You do not have to allow any law enforcement officer or agent to enter your home or office, unless they have a search warrant.
Agents must have a search warrant to enter your house, except in an emergency situation (in hot pursuit of a suspect to a crime). Even with a search warrant, you are under no obligation to answer any questions without a lawyer present. Make it clear to the agent that you do not consent to the search so that they cannot go beyond what the warrant authorizes.
You are not obligated to immediately speak to an FBI agent. Ask the agent for his or her contact information so that you will be able to get back in touch with them later.
If you are visited in person, ask for a business card. The agent must provide you his or her contact information upon your request.
You have a Constitutional right to remain silent.

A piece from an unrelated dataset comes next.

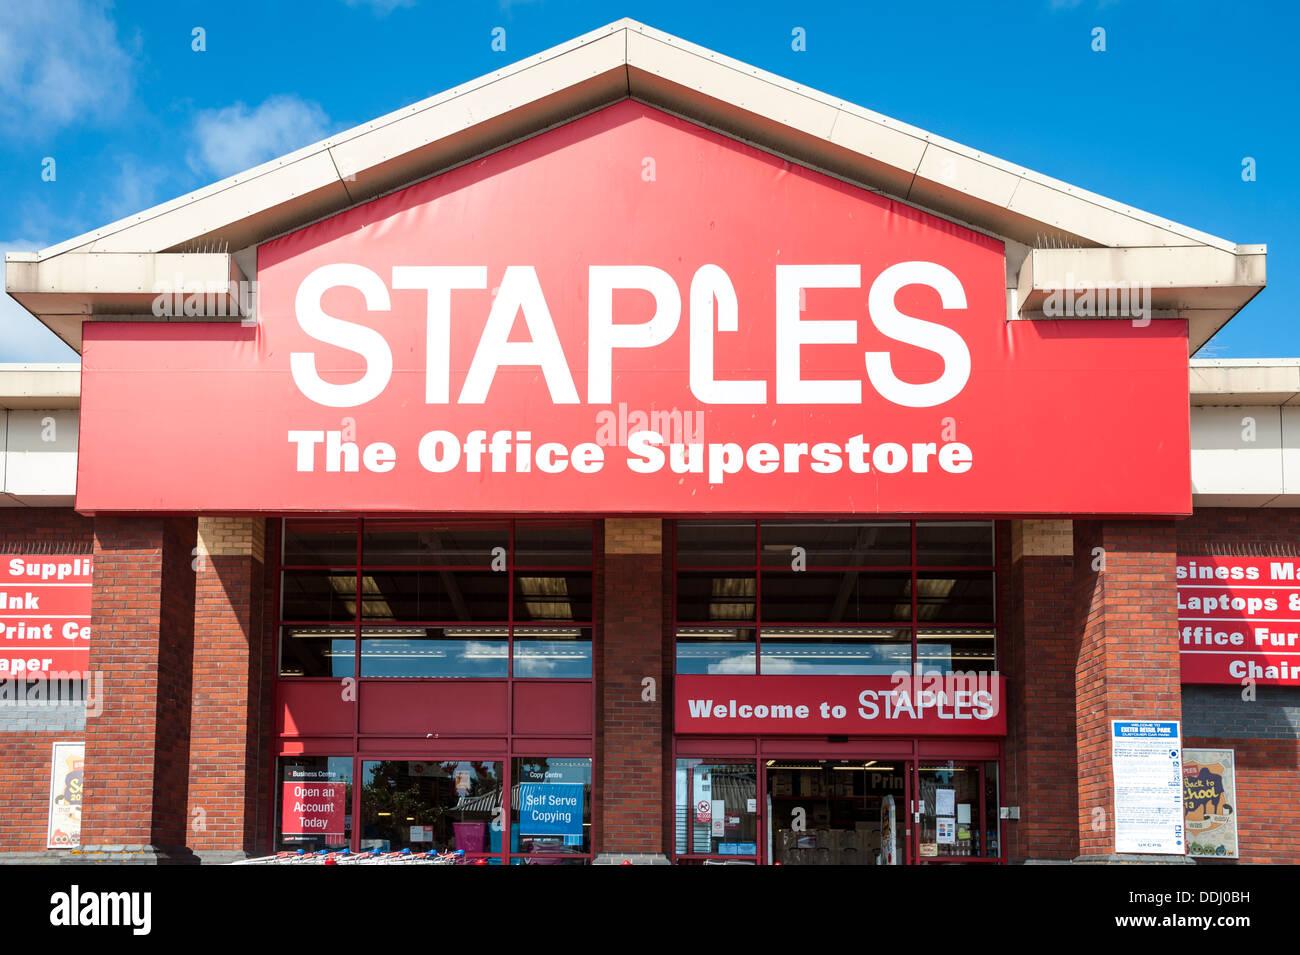 Staples store, UK. - Stock Image

It is not a crime to refuse to answer questions. You do not have to talk to anyone, even if you have been arrested or are in jail. You should affirmatively and unambiguously state that you wish to remain silent and that you wish to consult an attorney. Once you make the request to speak to a lawyer, do not say anything else. If you have already answered some questions, you can refuse to answer other questions until you have a lawyer. Depending on state laws, you may have to provide your name for identity purposes.
Enter an interview with the understanding that the interviewee has absolute discretion as to what questions to answer.
For example, one may choose to answer questions about their neighborhood or activity they may deem suspicious and yet refuse to answer any questions regarding their immigration status.
It is illegal for law enforcement to perform any stops, searches, detentions or removals based solely on your race, national origin, religion, sex or ethnicity.
This also applies at airports, your place of employment, educational institutions, and private and/or public forums.